Morel mushrooms – a beautiful autoimmune friendly food :)

Tyla has done it again! She is the Queen of Mushroom Picking and this week, she has found morels – no less, she has found them in…wait for it….our garden!!

She found 100 grams of these babies!

I had no idea when morels grew  – I just assumed they would be around in October – the same as all the others like porcinis (cepes) and oyster mushies. But no! They are here. And they taste A-MA-ZING! Ed cut them, leaving the stalks in the ground and we hope they spore some more. They grow well in sandy soil and they’re hollow. To prepare them, you rinse them well and voila – ready to cook! They are not to be eaten raw, as they are mildly toxic.
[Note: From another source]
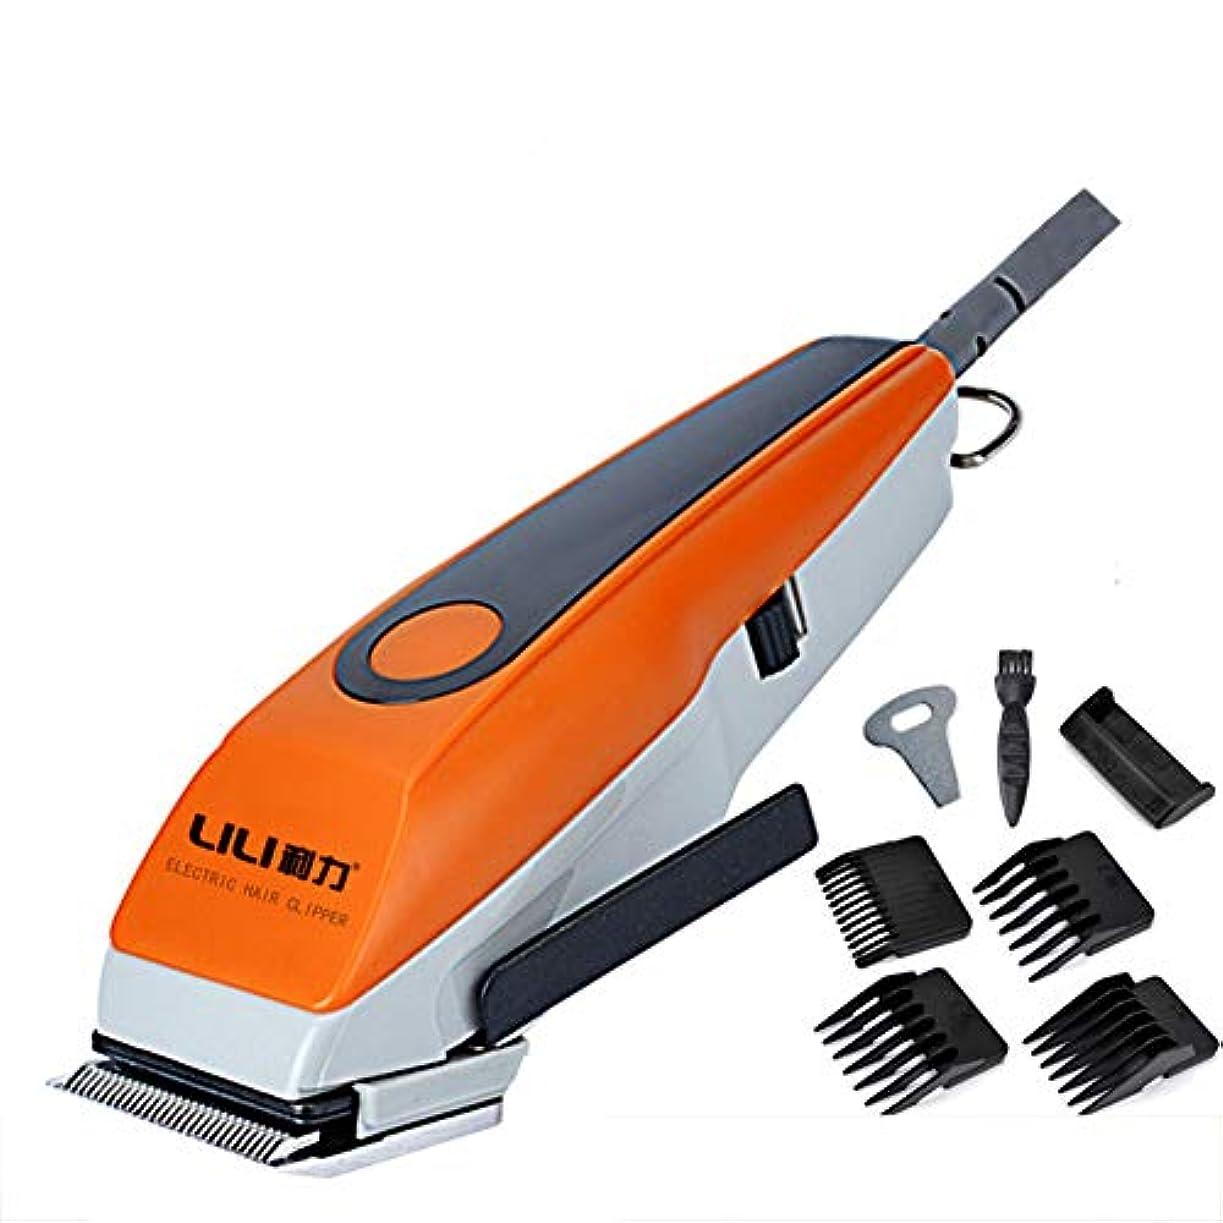 薄いですマットレストランジスタヘアクリッパー、サロン/ホーム用の低ノイズヘアカット機を剃る男性プロフェッショナル強力なコード付きヘアトリマー220V電動ヘアクリッパー
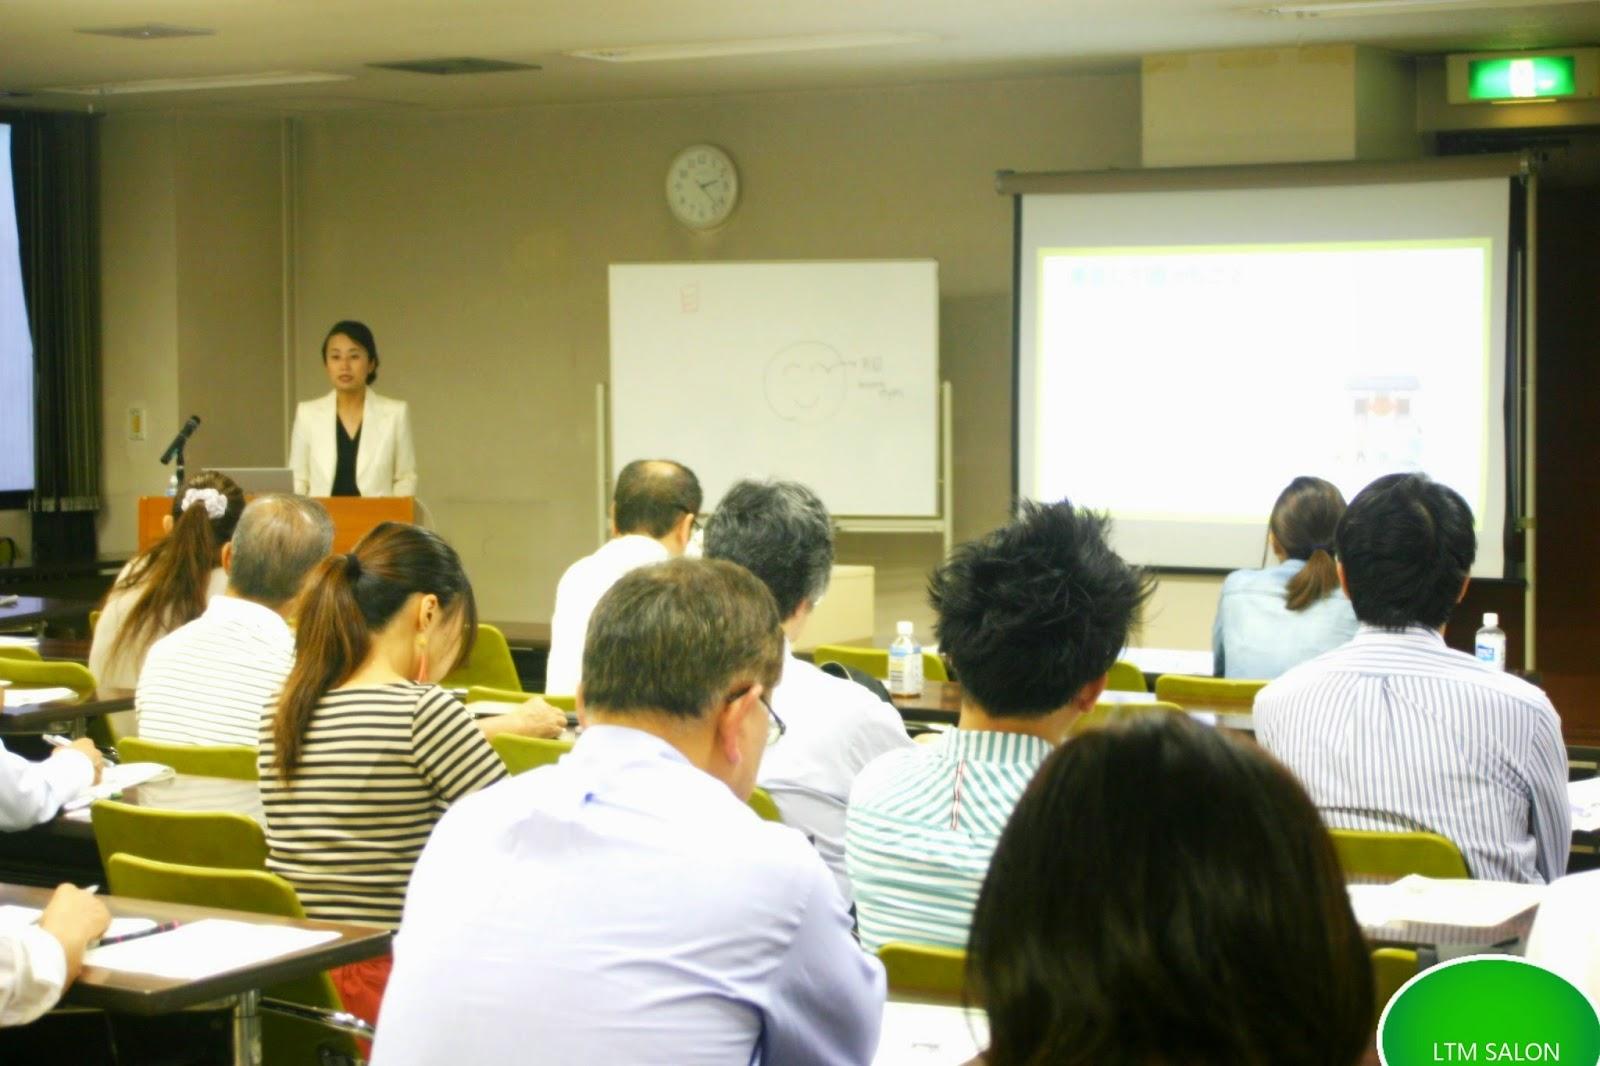 無料ビジネスマナーセミナー、松本美砂子、LTM SALON

We made some homemade burgers, with onion, garlic, salt and pepper and parsley from the garden (no egg and cumin, as I’m still on my elimination diet). I prepped some baby spinach, ripe avocado and we fried up some pork strips that I had marinating in olive oil, salt, pepper and dried garlic. For the morels, we had two separate recipes. For Ed and Tyla, they fried some garlic in a tablespoon of butter, until soft. Then they added chopped up Morels and cooked for another couple of minutes. Then at the end, added a tablespoon of white wine, salt and pepper. I had mine the same, but olive oil instead of butter and no white wine.

We fried the burgers on our Le Creuset griddle pan, and served with the pork and morel sauce.

O. M. G!!

I have never tasted mushrooms so good! Considering I wasn’t feeling too optimistic about the dwindling supplies in the fridge, I was super excited about the meal we created. I really could have eaten that dinner twice. Roll on more rain and more morels!